Processing modes. Default is all(biological process, cellular component, enzyme comission, molecular function).

Options:: bp | cc | ec | mf

-a, --angstrom-contact-thresh <angstrom_contact_thresh>#: Angstrom contact threshold. Default is 6.

--generate-contacts <generate_contacts>#: Gap fill threshold during contact map alignment.

--alignment-gap-open <alignment_gap_open>#: Gap open penalty for contact map alignment.

--alignment-gap-extend <alignment_gap_extend>#: Gap extend penalty for contact map alignment.

--remove-intermediate#: Remove intermediate files.

--save-structures#: Save structures of the top hits.

--save-cmaps#: Save contact maps of the top hits.

--skip-matrix#: Skip writing prediction matrix files (saves disk space).

--scoring-matrix <scoring_matrix>#

Scoring matrix for sequence alignment (e.g., VTML80, BLOSUM62).

Default:: 'VTML80'

--propagate-go-terms#: Propagate GO terms up the ontology DAG using the true-path rule (is_a and part_of relations). Downloads go-basic.obo automatically.

--obo-path <obo_path>#: Path to a GO OBO file (go-basic.obo). If not provided and –propagate-go-terms is set, the file will be downloaded automatically to the output directory.

search-databases#

Hierarchically search FoldComp databases for similar proteins with MMseqs2. Based on the thresholds from https://doi.org/10.1038/s41586-023-06510-w.

Usage

mDeepFRI search-databases [OPTIONS]

Options

--tmpdir <tmpdir>#: Path to a temporary directory. Required for very large searches.
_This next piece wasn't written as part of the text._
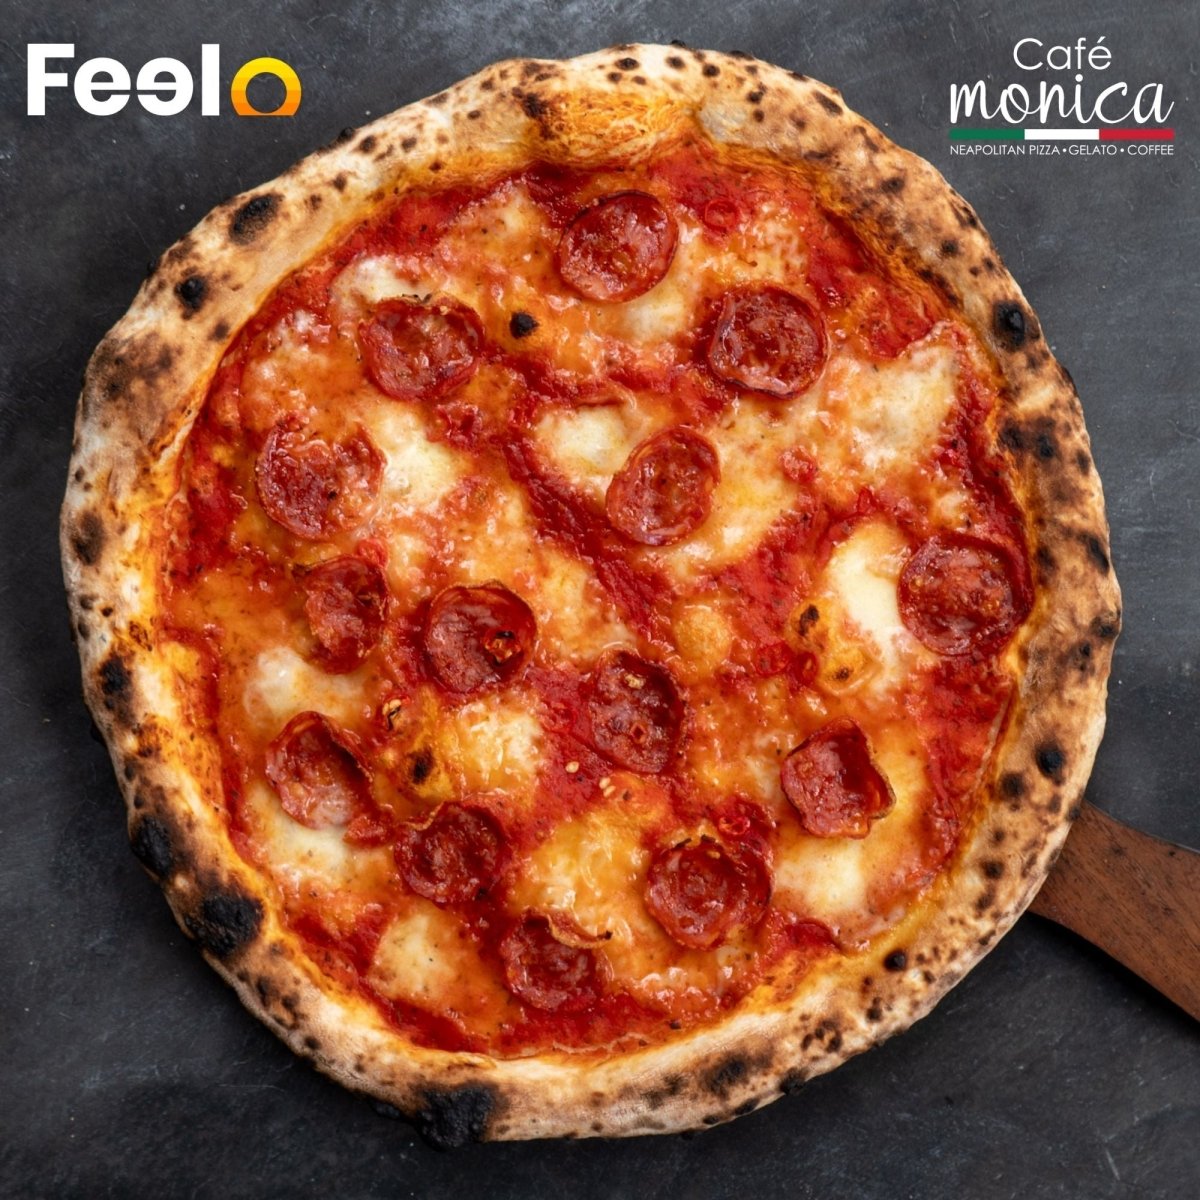 1x Vesuvio Regular 12-inch Pizza in Cafe Monica - Dutch Hospital - Cafe Monica Sri Lanka, Colombo 01 | Feelo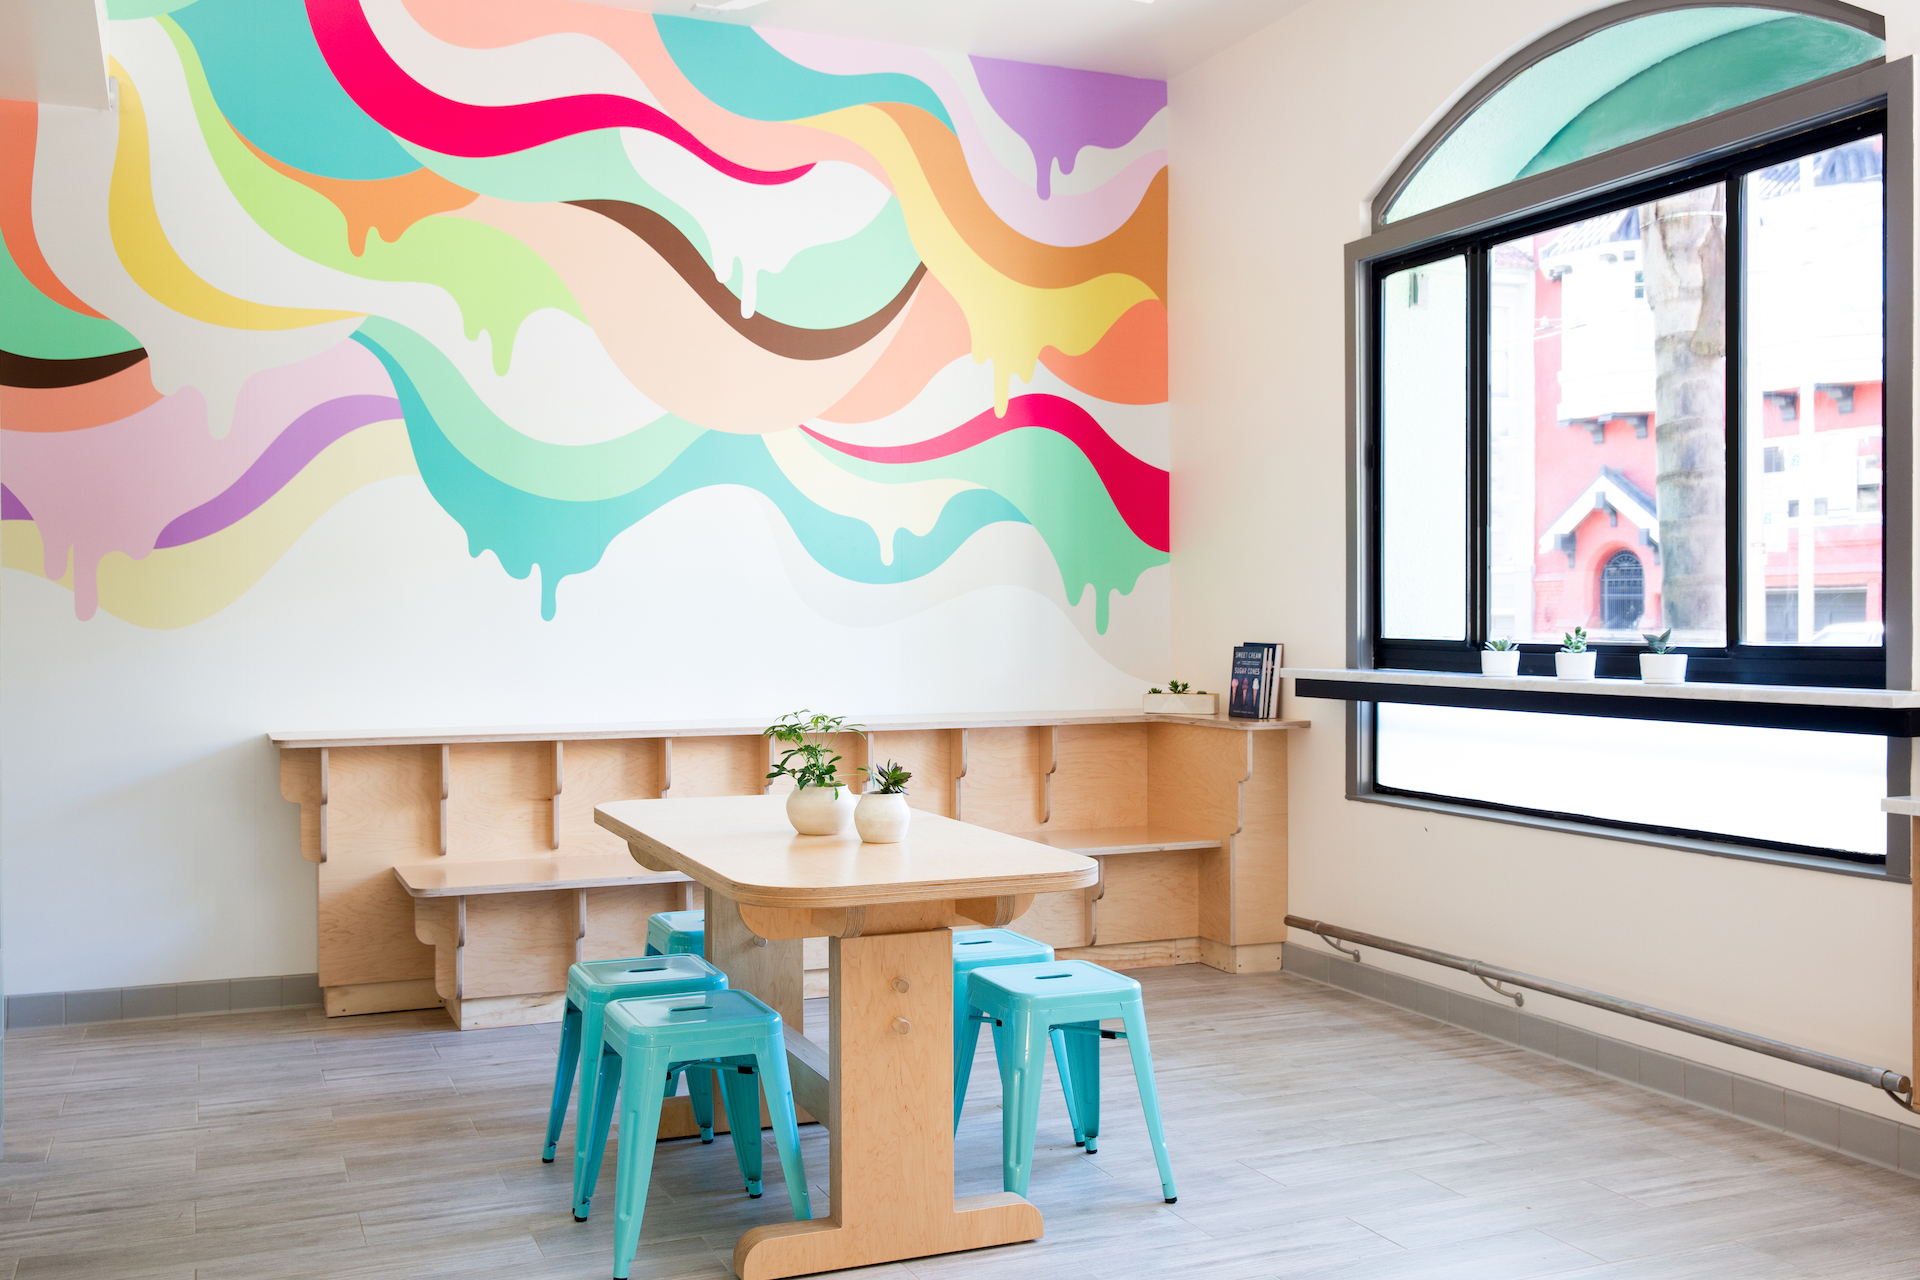 Bi-Rite Creamery's vibrant new ice cream-inspired mural

--skip-pdb#: Skip PDB100 database search.

-t, --threads <threads>#

Number of threads to use.

Default:: 1

--overwrite#: Overwrite existing files.

--top-k <top_k>#

Number of top MMseqs2 hits to save.

Default:: 5

--mmseqs-min-coverage <mmseqs_min_coverage>#

Minimum coverage for MMseqs2 alignment for both query and target sequences.

Default:: 0.9

--mmseqs-min-identity <mmseqs_min_identity>#

Minimum identity for MMseqs2 alignment.

Default:: 0.5

--mmseqs-max-evalue <mmseqs_max_evalue>#

Maximum e-value for MMseqs2 alignment.

Default:: 0.001

--mmseqs-min-bitscore <mmseqs_min_bitscore>#

Minimum bitscore for MMseqs2 alignment.

Default:: 0

--max-length <max_length>#: Maximum length of the protein sequence.

--min-length <min_length>#: Minimum length of the protein sequence.

-s, --mmseqs-sensitivity <mmseqs_sensitivity>#

Sensitivity of the MMseqs2 search.

Default:: 5.7

-d, --db-path <db_path>#: Path to a structures database compessed with FoldComp.

-o, --output <output>#: Required Path to output file or directory.

-i, --input <input>#: Required Path to an input protein sequences (FASTA file, may be gzipped).